Long URLs can sometimes be a problem. When used in email, social media, or IM, a long URL might wrap across multiple lines. When this happens, the user could get sent to the wrong place. To fix this, URL shorteners were created. A short URL is machine-generated URL that refers or points to a long URL. One popular service is bit.ly, but there are many others. Some companies allow you to use custom URLs that reflect your brand. A URL used properly sends you directly to the desired page.

Do you know the short URL will send you? It’s not always where you think!

There’s a dark side to short URLs. When a short URL is used, it obscures the real address. You can no longer know where it’ll take you. You hope it’ll take you to the content you want, but that’s not guaranteed. Often, you can be sent to another short URL. This happens because brands want you to use their shortening service – for traffic and name recognition. Wanna learn how to get rid of all those layers or redirection? keep reading.

NOTE: a lot of sites do this. I’m just using TechCrunch as an example

Look at this tweet from TechCrunch. It’s a well known brand, so you trust it. You believe it’ll take you directly to the story. Let’s follow what really happens. To demonstrate what happens, I’ll use the Terminal to run a command called cURL. cURL lets you execute commands like a browser would. I’ll use curl to examine the headers, and skip the loading of the page content.

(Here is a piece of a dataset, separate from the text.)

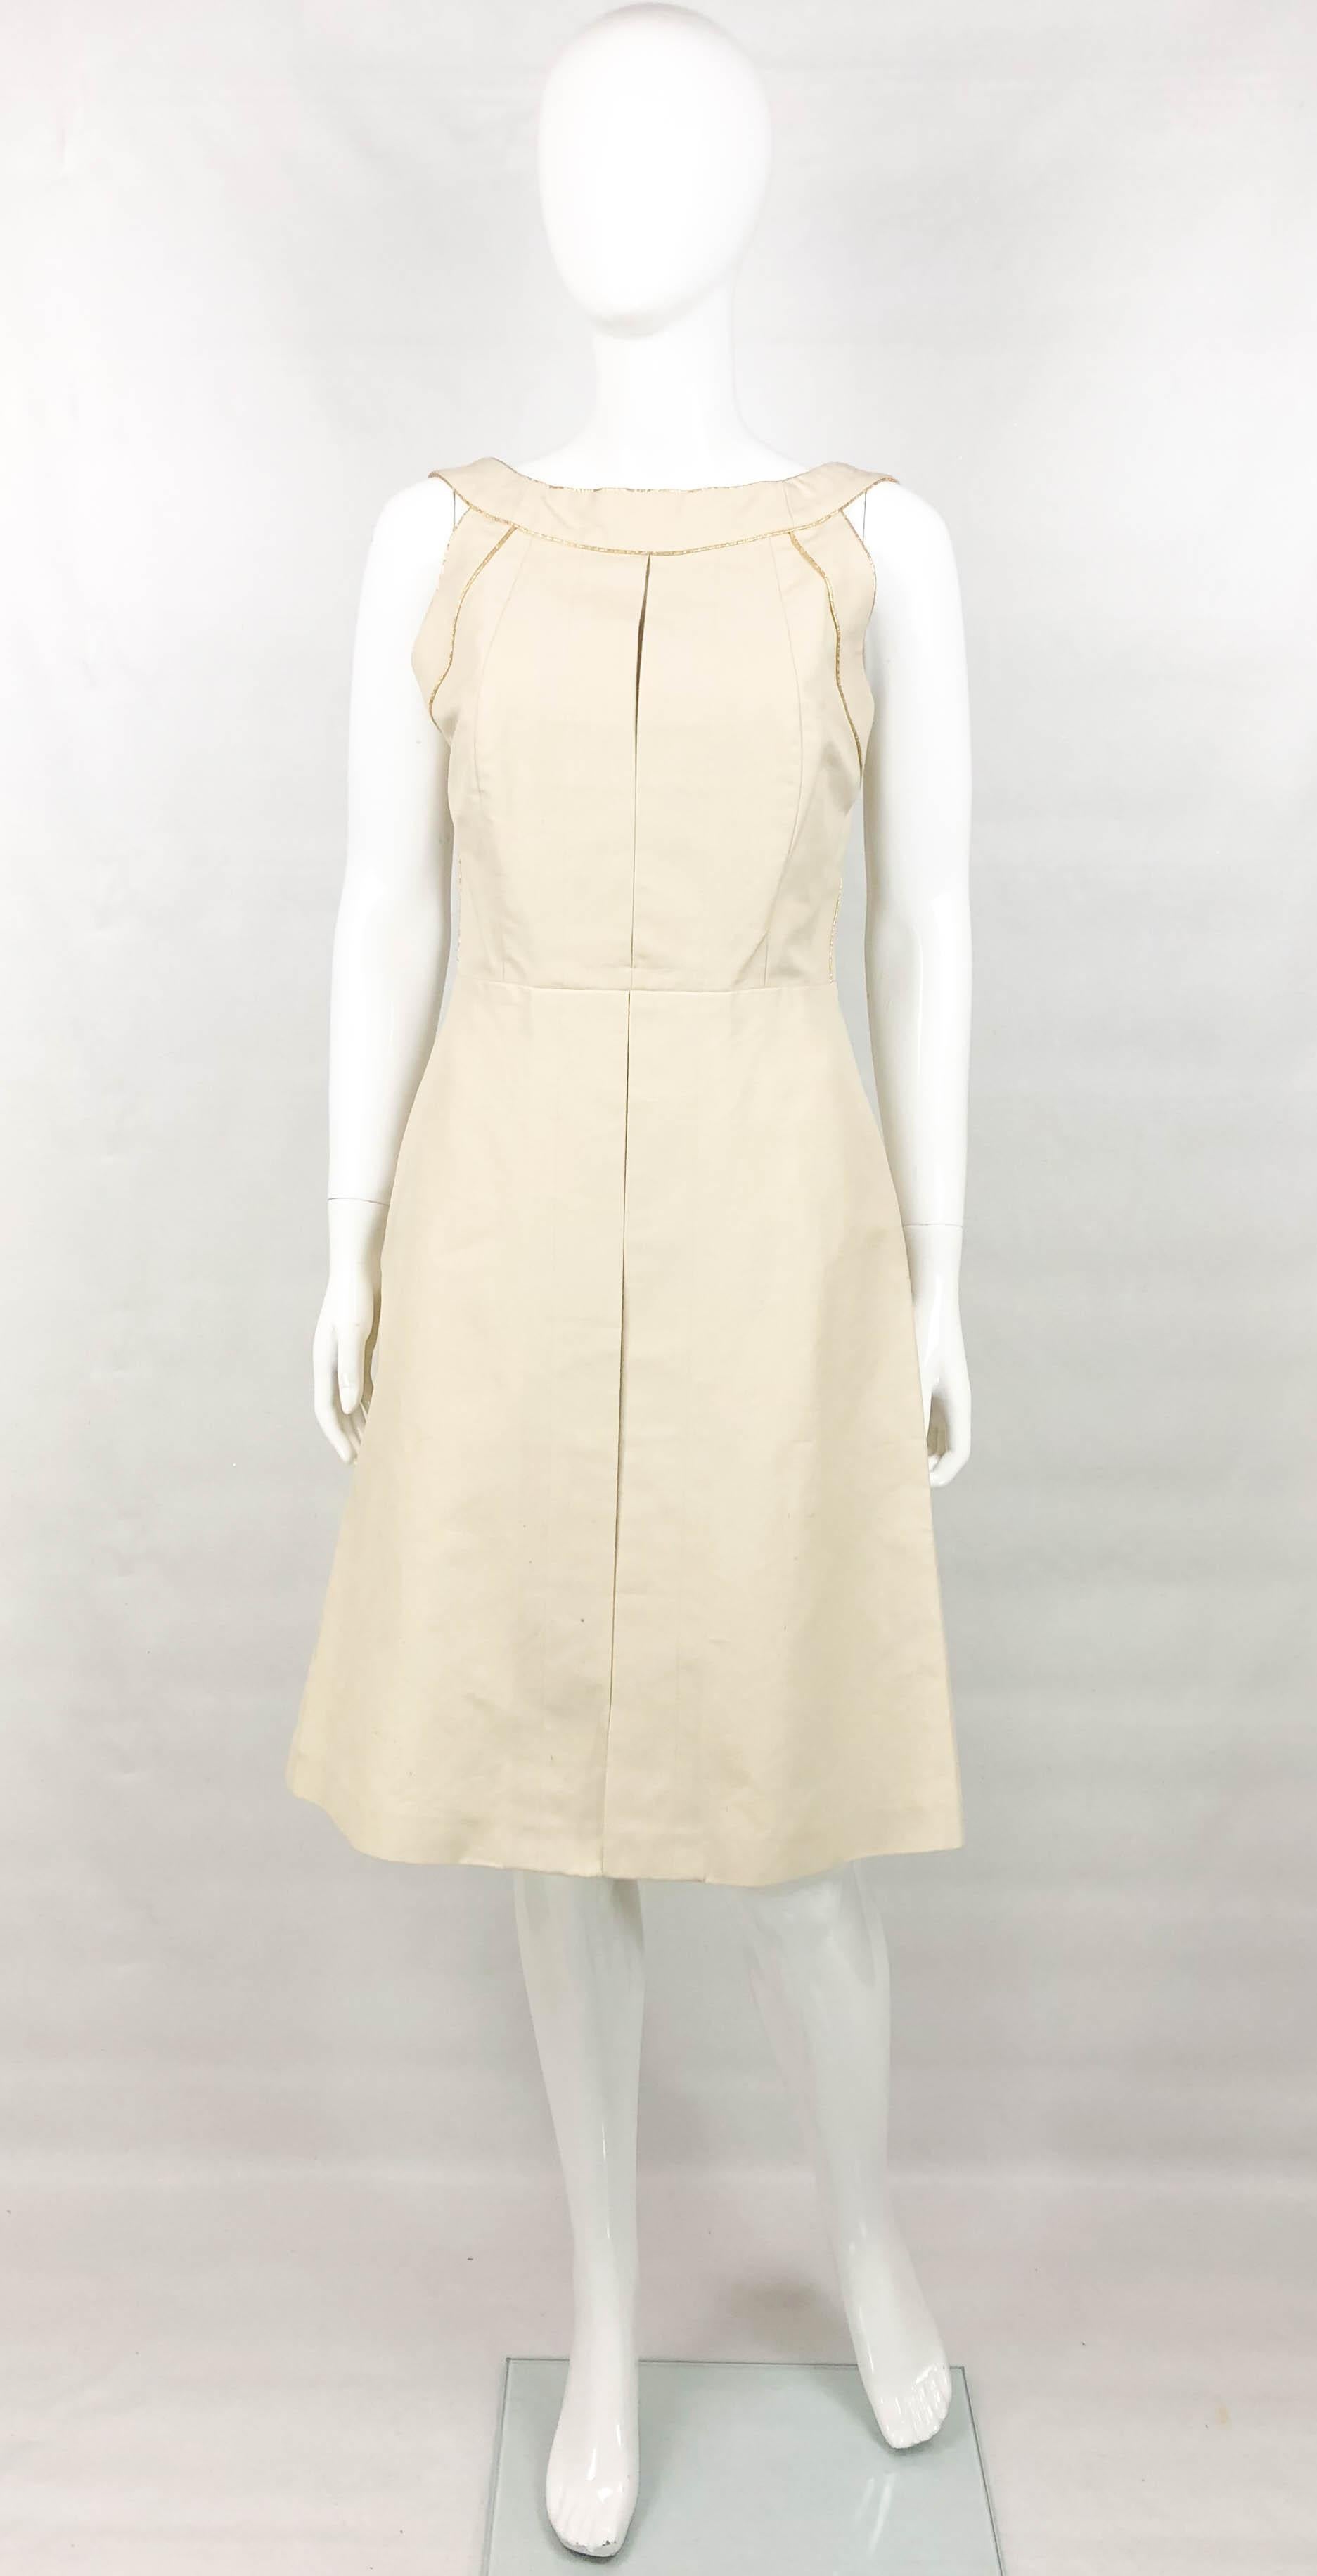 Yves Saint Laurent Cream Cotton Dress. This stylish dress by Yves Saint Laurent was created for the 2011 Spring / Summer Collection. Made in cream cotton, this sleeveless dress hovers at knee height and has accentuated waist. The top half of the

$ curl --head tcrn.ch/1AVALnu

HTTP/1.1 301 Moved Permanently
Server: nginx
Date: Tue, 07 Apr 2015 15:19:52 GMT
Content-Type: text/html; charset=utf-8
Content-Length: 109
Connection: keep-alive
Cache-Control: private, max-age=90
Location: http://trib.al/zGMBvRe
Mime-Version: 1.0
Set-Cookie: _bit=5523f598-00243-01613-321cf10a;domain=.tcrn.ch;expires=Sun Oct 4 15:19:52 2015;path=/; HttpOnly

if you look at the Location line above, it’s another shortcode. Also it’s setting a cookie. This is one of those tricks marketers use to track your movements around the web. Lets take that short URL and feed it back into cUrl.

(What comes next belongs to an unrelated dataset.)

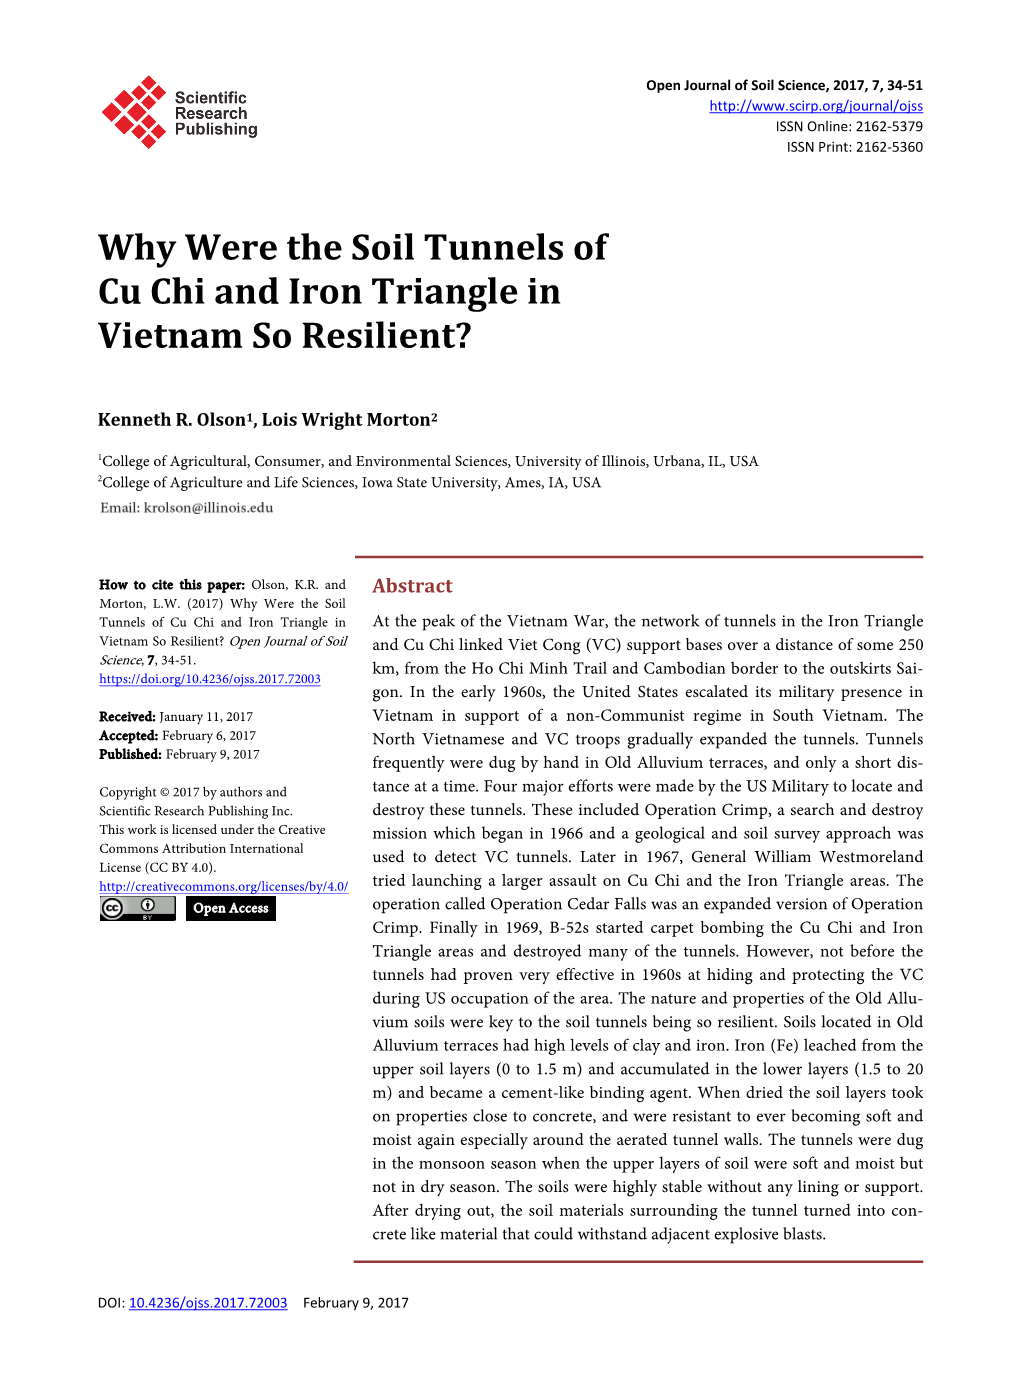 Why Were the Soil Tunnels of Cu Chi and Iron Triangle in Vietnam So Resilient?

$ curl --head http://trib.al/zGMBvRe

HTTP/1.1 301 Moved Permanently
Content-Length: 169
Content-Type: text/html;charset=utf-8
Date: Tue, 07 Apr 2015 15:19:54 GMT
Location: http://feedproxy.google.com/~r/Techcrunch/~3/KCW5Ju_epK4/
Server: CherryPy/3.2.4
Set-Cookie: tribal="LaoHargaTeiXGiMzSsJEfw=="; expires=Fri, 06 Jan 2034 23:13:40 GMT; Path=/; Version=2
Connection: keep-alive

This result shows it’ll send you to feedproxy.google.com, it too will set a cookie. The ‘TechCrunch’ name does appear in the path of the URL. So it’s probably related to TechCrunch.
$ curl --head http://feedproxy.google.com/~r/Techcrunch/~3/KCW5Ju_epK4/

HTTP/1.1 301 Moved Permanently
Location: http://techcrunch.com/2014/11/10/hacker-emails-testing-service-browserstacks-customers-says-company-lied-about-security/?ncid=rss&utm_source=feedburner&utm_medium=feed&utm_campaign=Feed%3A+Techcrunch+%28TechCrunch%29
Content-Type: text/html; charset=UTF-8
Date: Tue, 07 Apr 2015 15:19:54 GMT
Expires: Tue, 07 Apr 2015 15:19:54 GMT
Cache-Control: private, max-age=0
X-Content-Type-Options: nosniff
X-XSS-Protection: 1; mode=block
Server: GSE
Alternate-Protocol: 80:quic,p=0.5
Transfer-Encoding: chunked
Accept-Ranges: none
Vary: Accept-Encoding

The feed proxy URL above shows that it should redirect to the TechCrunch URL, stated in the location. After it executes the redirect, You see the 200 OK response below. This is the final destination.

HTTP/1.1 200 OK
Server: nginx
Date: Tue, 07 Apr 2015 15:19:55 GMT
Content-Type: text/html; charset=UTF-8
Connection: keep-alive
Vary: Accept-Encoding
Vary: Cookie
X-hacker: If you're reading this, you should visit automattic.com/jobs and apply to join the fun, mention this header.
X-Pingback: http://techcrunch.com/xmlrpc.php
Link: <http://wp.me/p1FaB8-4xb0>; rel=shortlink
X-ac: 4.sjc _dfw

Finally, We’ve arrived at techcrunch.com. Notice all those parameters after the ? in the Location of the 301 redirect. Those are not necessary to look at this page. Their purpose is to provide TechCrunch with information about how you arrived on the site. You could copy that full URL, and delete the question mark and everything after it. You’d still get the same content. However, for other sites, those query parameters might determine the content. Search engines like DuckDuckGo and Bing use query strings to determine the content.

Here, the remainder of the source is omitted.